• **Your task**
Every line of the listing belongs in your answer exactly as written; the images do not.

• **Data block**
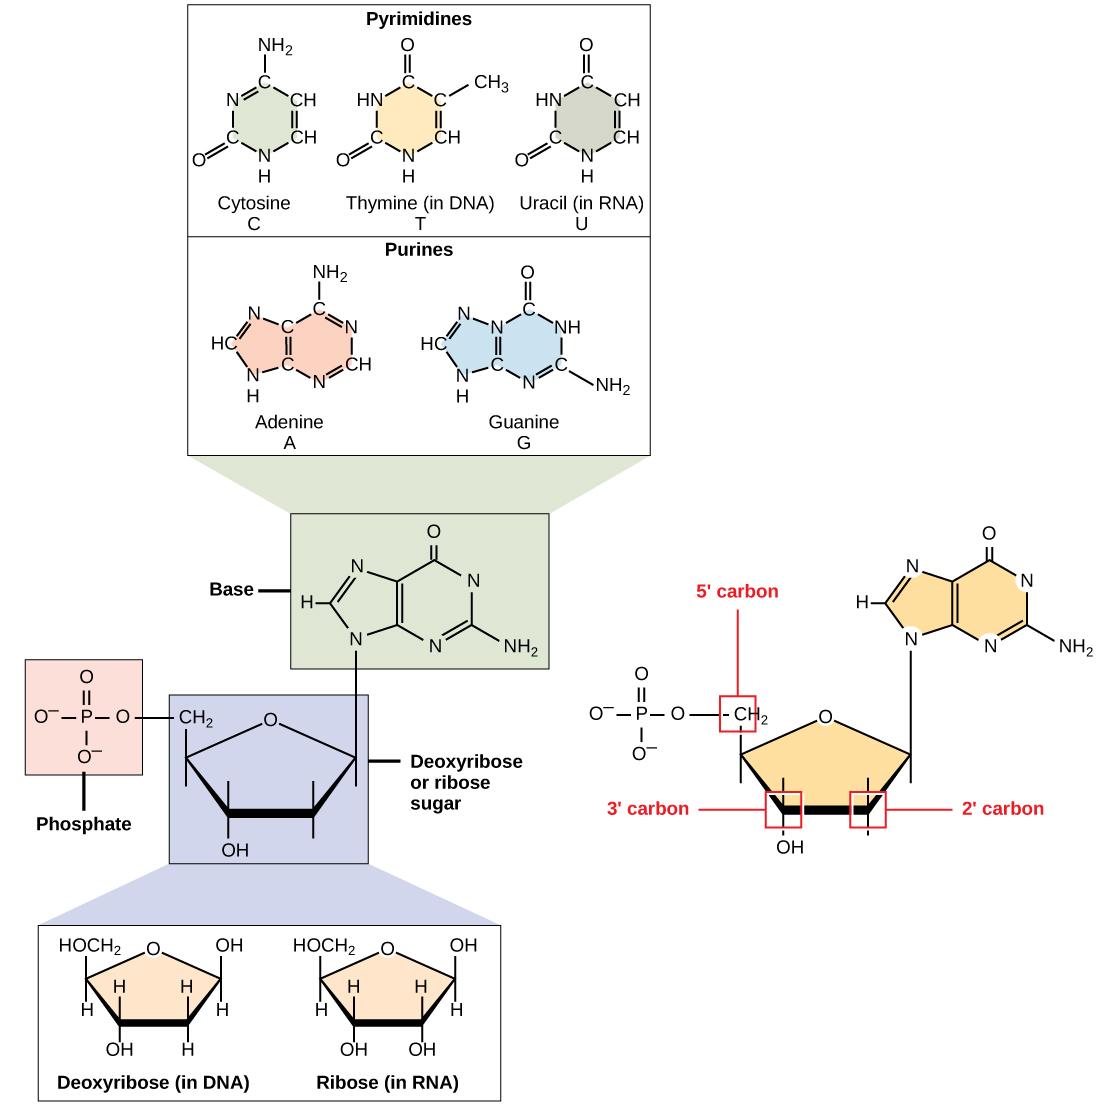 3 5 Nucleic Acids Biology 110 Psu Dubois
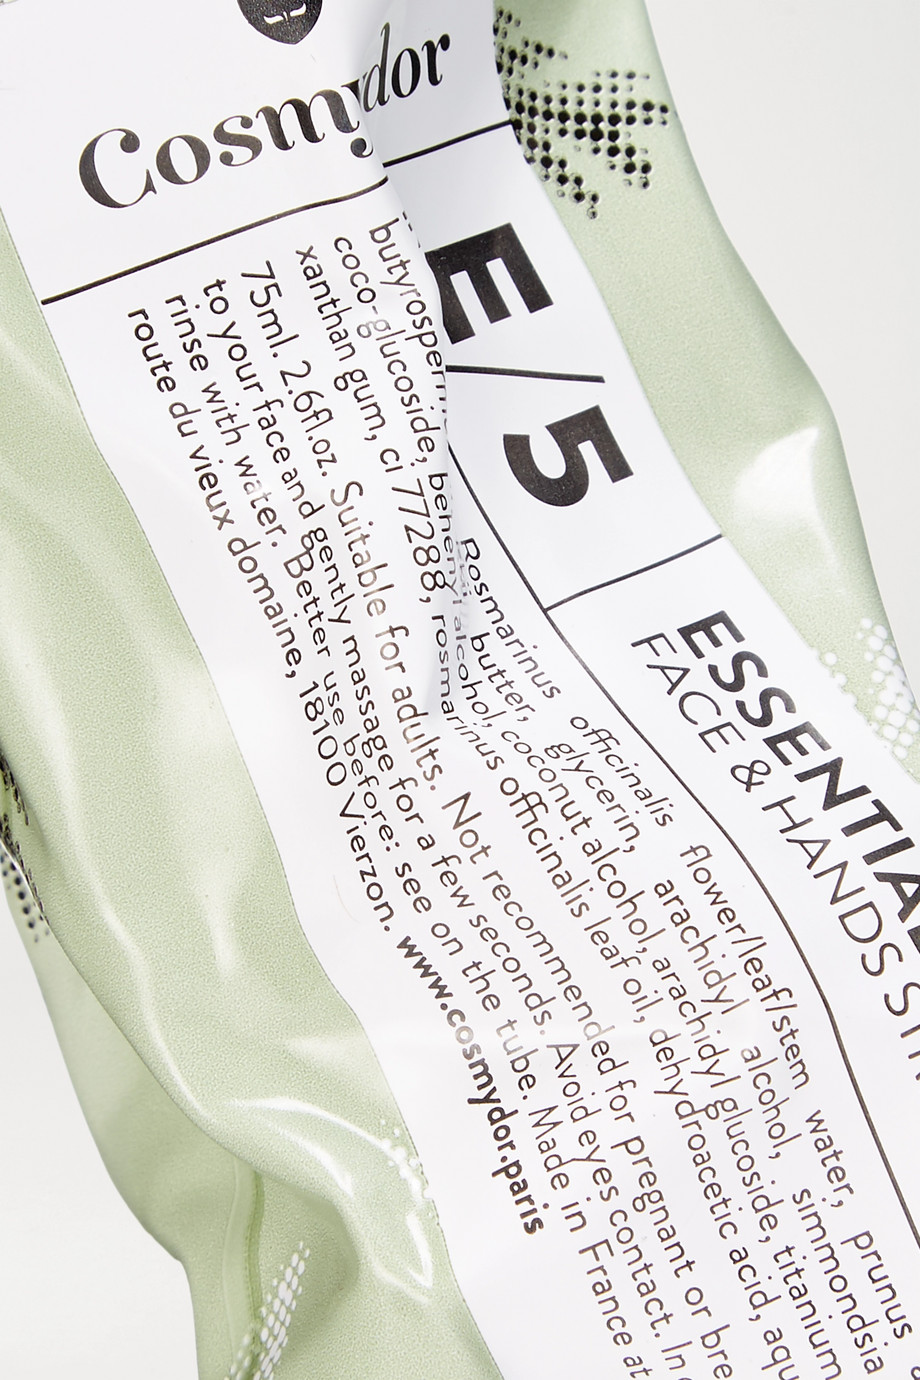 Cosmydor 【NET SUSTAIN】E/5 迷迭香基础护肤霜,75ml
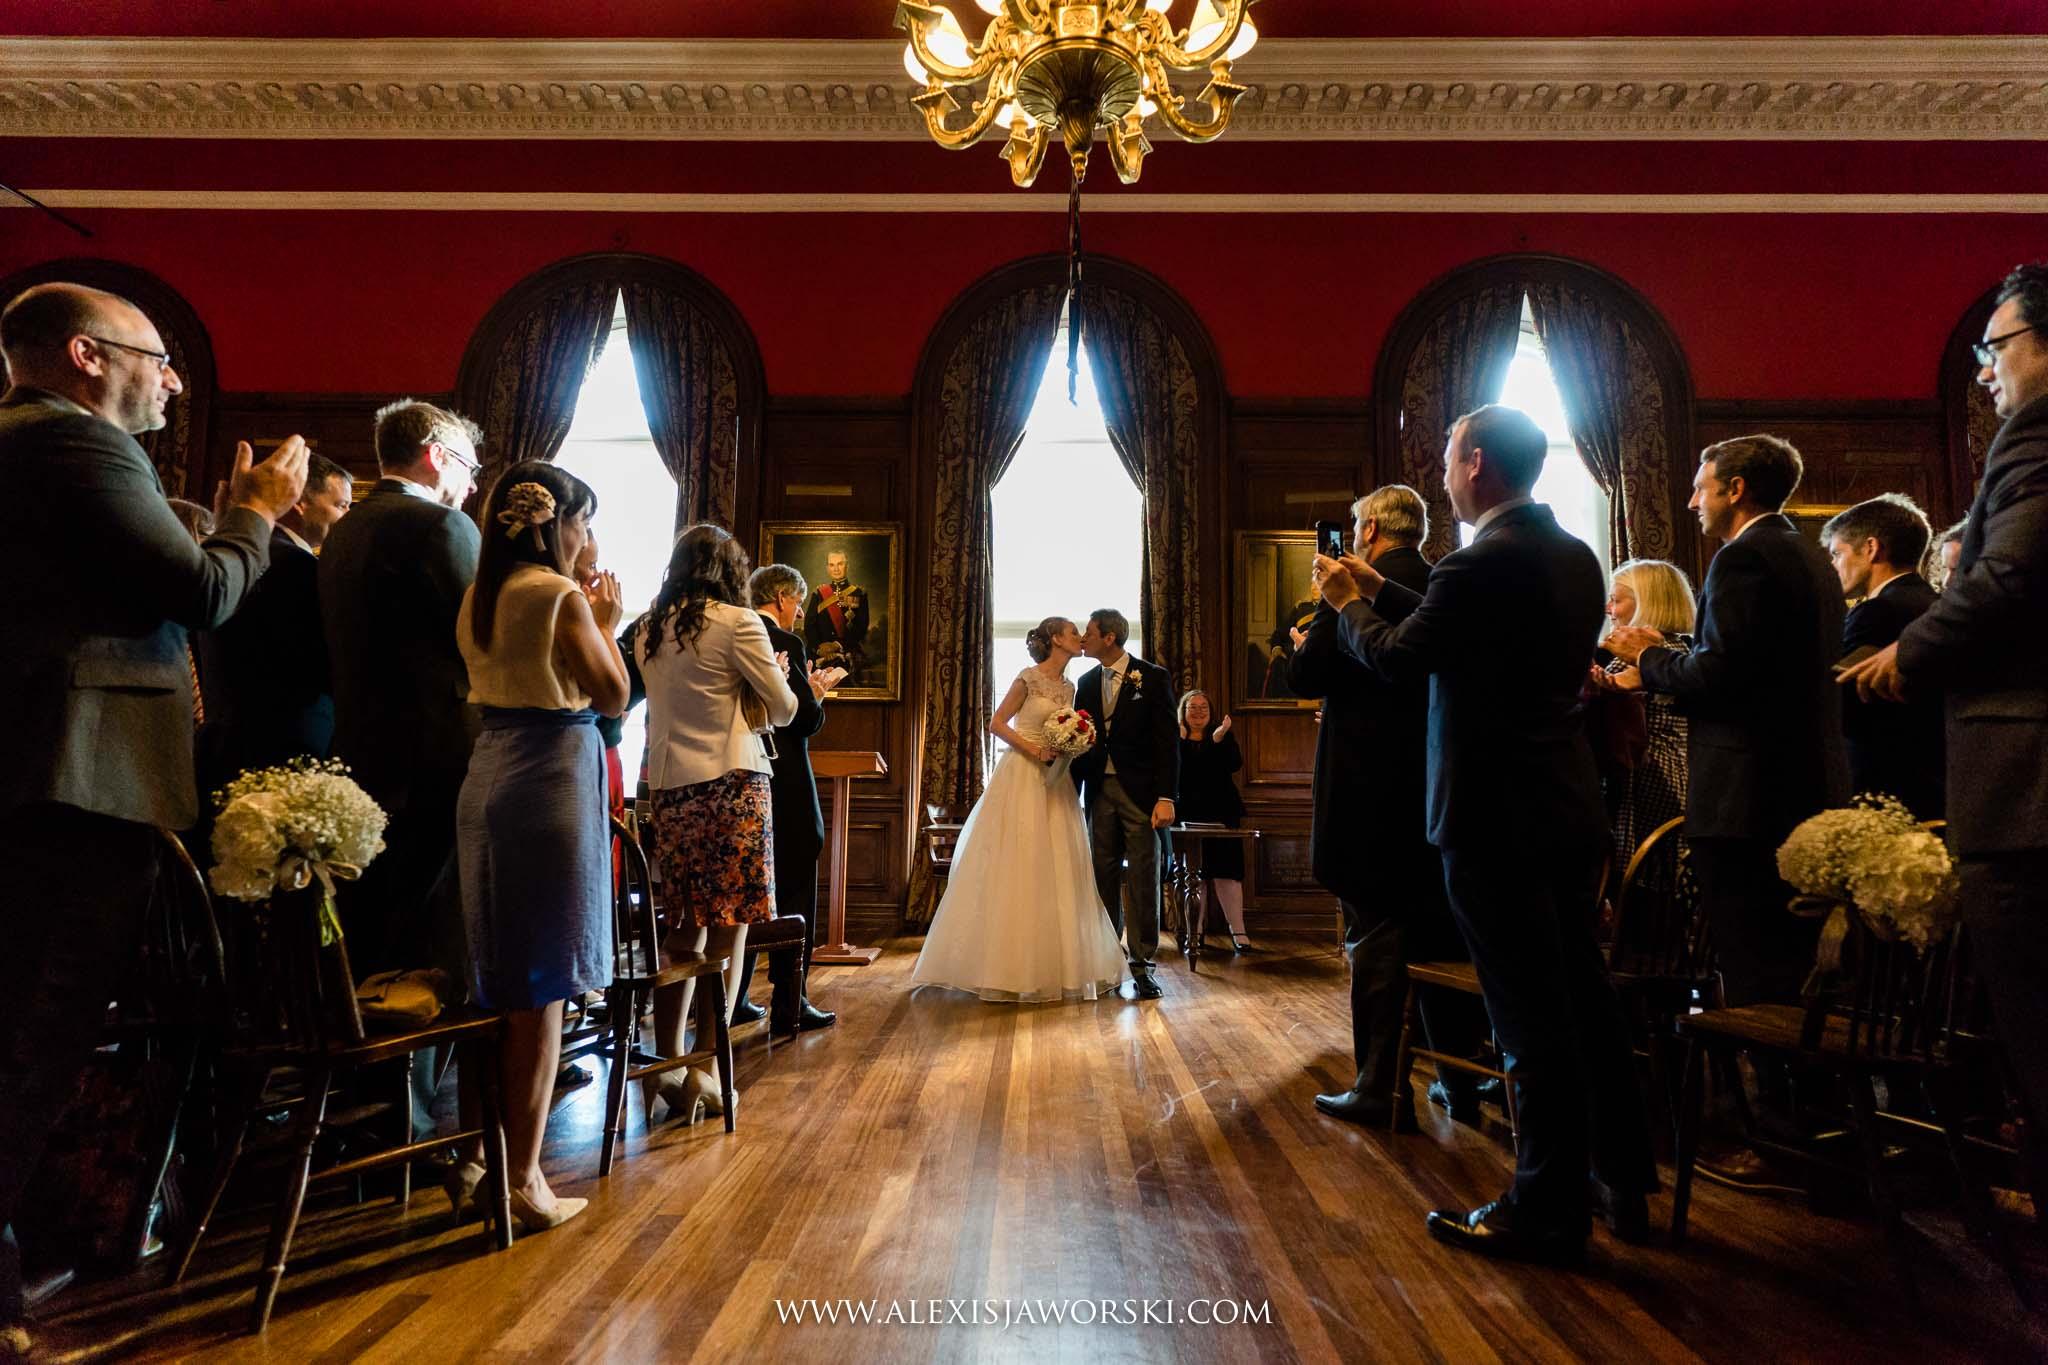 bride and groom kiss before leaving

• **Solution to the exercise**
 3 5 Nucleic Acids Biology 110 Psu Dubois
 Cosmydor 【NET SUSTAIN】E/5 迷迭香基础护肤霜,75ml
 bride and groom kiss before leaving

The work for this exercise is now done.